Twitter data were collected from 1 November 2012 through 31 May 2013, and consisted of public posts acquired through the general-use streaming application programming interface (API). We chose this data source because it contains a large volume of publicly available posts about medical products. Data were stored in databases using Amazon Web Services (AWS) cloud services. Since the vast majority of the over 400 million daily Twitter posts have no relevance to AE reporting, we created a list of medical product names and used them as search term inputs to the Twitter API. Though this approach may remove posts that contain misspellings, slang terms, and other oblique references, it allowed us to start from a manageable data corpus. In order to avoid confusion with regulatory definitions of an ‘adverse event’ report, the term ‘Proto-AE’ was coined to signify ‘posts with resemblance to AEs’, designating posts containing discussion of AEs identified in social media sources. The labeled subset was chosen through a combination of review of the data in sequence as collected from the API for convenient time periods, as well as by searching the unlabeled data for specific product names and symptom terms.
Public FAERS data were obtained from the FDA website in text format for the time period concurrent with the collection of Twitter data, the fourth quarter of 2012 and first quarter of 2013.
In conjunction with the FDA, a priori selected 23 prescription and over-the-counter drug products in diverse therapeutic areas were selected for quantitative analysis, representing new and old medicines, as well as widely used products and more specialized ones: acetaminophen, adalimumab, alprazolam, citalopram, duloxetine, gabapentin, ibuprofen, isotretinoin, lamotrigine, levonorgestrel, metformin, methotrexate, naproxen, oxycodone, paroxetine, prednisone, pregabalin, sertraline, tramadol, varenicline, venlafaxine, warfarin, and zolpidem. We also selected vaccines for influenza, human papillomavirus (HPV), hepatitis B, and the combined tetanus/diphtheria/pertussis (Tdap) vaccine. Whenever possible, we identified brand and generic names for each product using the DailyMed site from the National Library of Medicine and the FDA’s Orange Book.

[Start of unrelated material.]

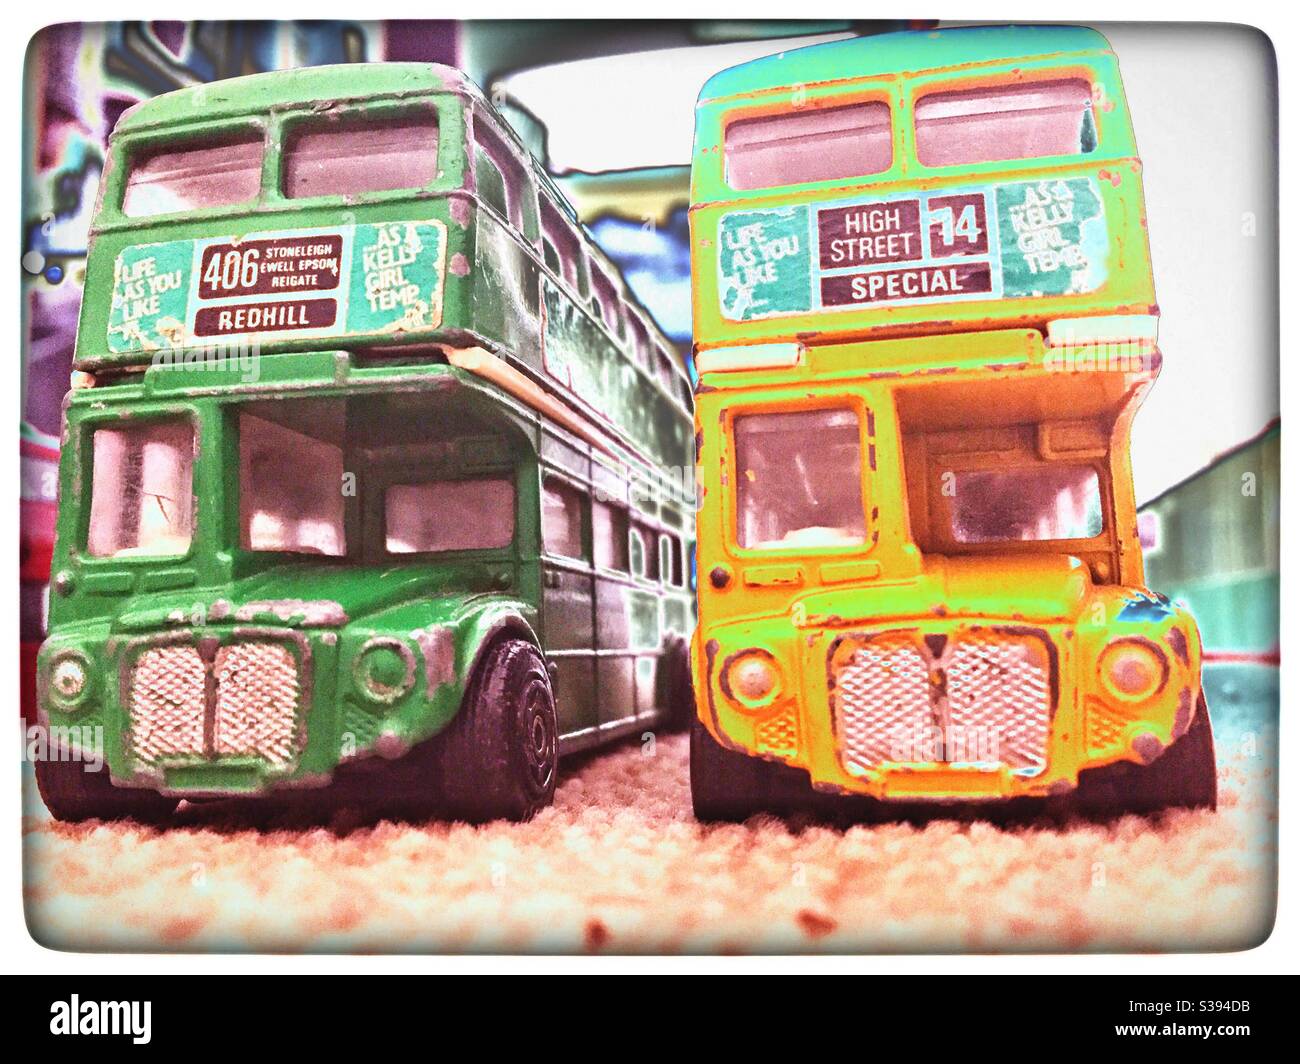 Vintage toy corgi buses Stock Photo

Adverse Event (AE) Identification in Twitter
The next step was classification of the information, which includes filtering the corpus to remove items irrelevant to AEs. To determine whether or not a given post constitutes an AE report, we established guidelines for human annotators to consistently identify AE reports. We proceeded under the general guidance of the four statutorily required data elements for AE reporting in the USA: an identifiable medical product, an identifiable reporter, an identifiable individual, and mention of a negative outcome, though we did not automatically exclude posts if they failed to meet one of these criteria. We also considered Twitter accounts as sufficient to meet the requirement for an identifiable reporter, though this standard is not the current regulatory expectation for mandatory reporting.
We applied a tree-based dictionary-matching algorithm to identify both product and symptom mentions. It consists of three components. First, we loaded the dictionary from a multi-user editable spreadsheet form into the tree structure in memory. Two separate product and symptom dictionaries were superimposed into a single tree, allowing only a single pass over the input for both product and symptom matches. Second, for the extraction step, a tokenizer stripped punctuation and split the input into a series of tokens, typically corresponding to words. Finally, we processed the tokens one at a time, matching each against the tree and traversing the tree as matches occurred. If we reached a leaf in the tree, then a positive match was established and we returned the identifier for the appropriate concept (product or symptom). Because the concordance analysis is based on the output of the algorithm, its performance characteristics are important. We assessed the performance of the symptom classifier by manually examining a random sample of 10 % of the Proto-AEs and comparing the algorithmically identified symptoms with symptoms that a rater (CCF) determined to be attributed to a product.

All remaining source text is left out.